Len Smith recalls the fun he had playing General Leslie in the film.

Len and David look on as Paul recalls key moments from the river battle scene.

Steve leads the way as we leave the Great Stour behind and head towards a field for a reading of the 'Ambush' playlet and a view of Old Wye Lane and the 'Rye Field'.

'Alison' (Helen Lawson) shows her dismay at what she feels is the very unreasonable behaviour of 'Peter Gibbs' (Paul Tritton) during a reading of lines from the 'Ambush' scene.

The view across to Old Wye Lane and beyond it, the Rye Field.

Steve prepares us for a reading of lines from the famous 'scene in the long grass'. In the left foreground is Jim Pople, 2nd Assistant Film Editor on A Canterbury Tale and on the right, in sun glasses, is the imposing figure of Michael Eyers, another regular location walk attendee.

Steve enjoys a light-hearted exchange with one of the group.

The 'scene in the long grass' with Helen Lawson in full flow as 'Alison'. John Tritton is 'Colpeper'.

Helen and John continue with the scene. Steve and Paul listen intently along with everyone else.

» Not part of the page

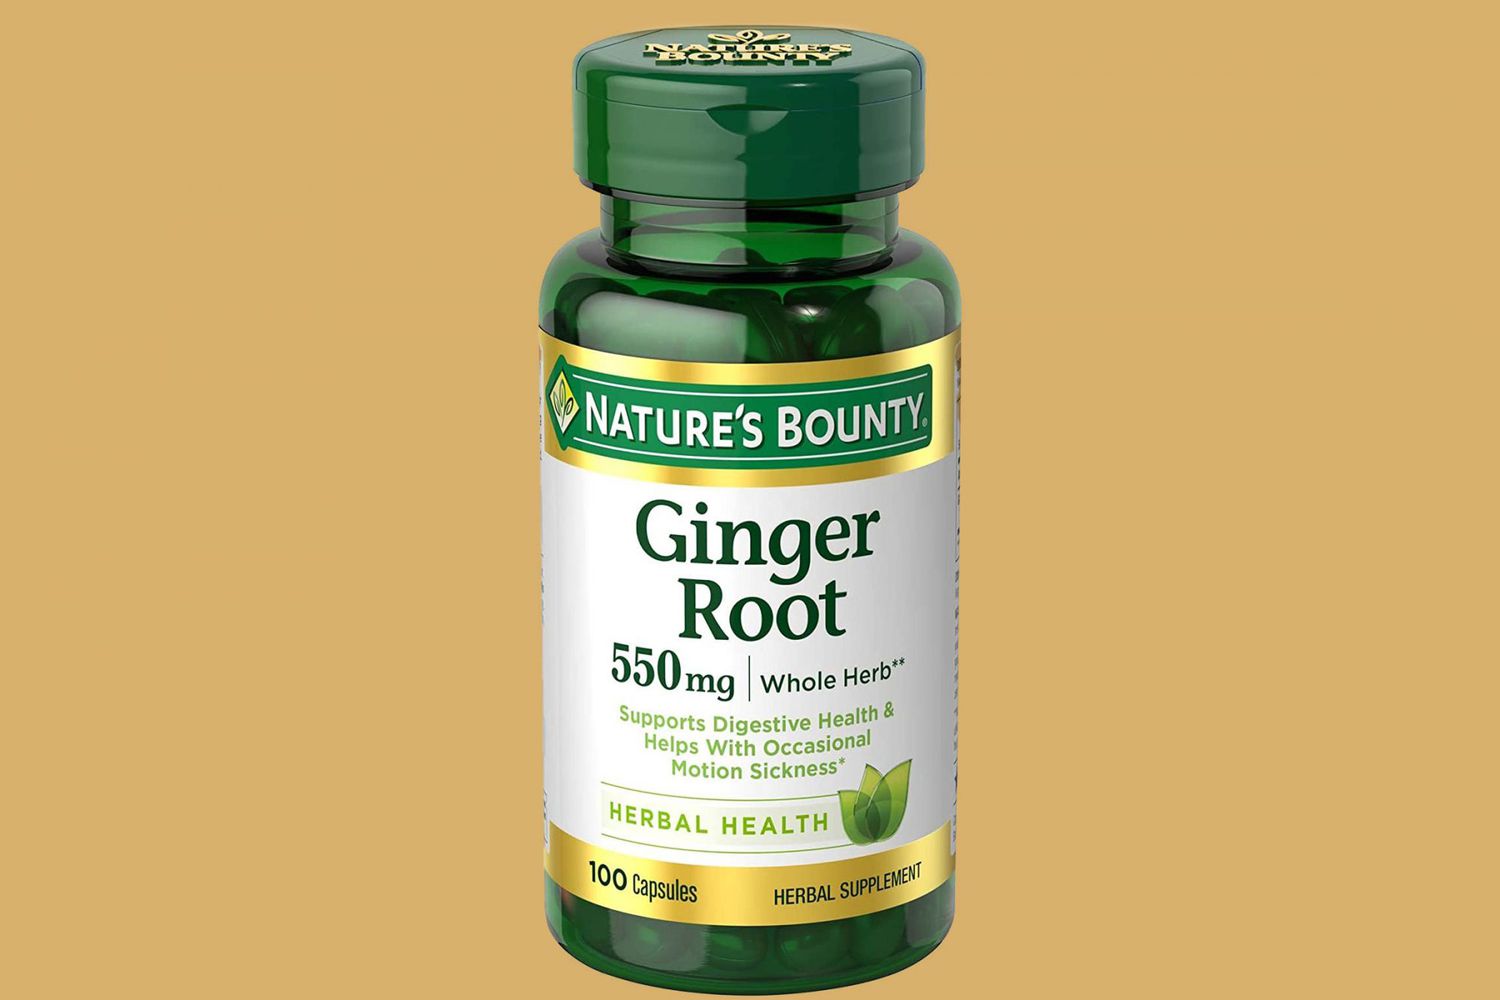 Nature's Bounty Ginger Root Pills

Right at the back, in blue cap, is the unmistakeable face of Len Smith ('General Leslie').

Helen & John conclude the scene while Paul (looking uncannily like Bruce Forsyth!), watches as the Red Arrows fly past overhead.

Bryan Hawkins, from Canterbury Christ Church University, gives a very interesting talk on the use of landscape in this and other Powell & Pressburger films.

Back onto Juliberrie's Grave once again, Len Smith re-enacts his role in the 'Conference on "pow-wow hill"'.

Time for one last look at John Clark's collection of postcards, photos and other ACT memorabilia.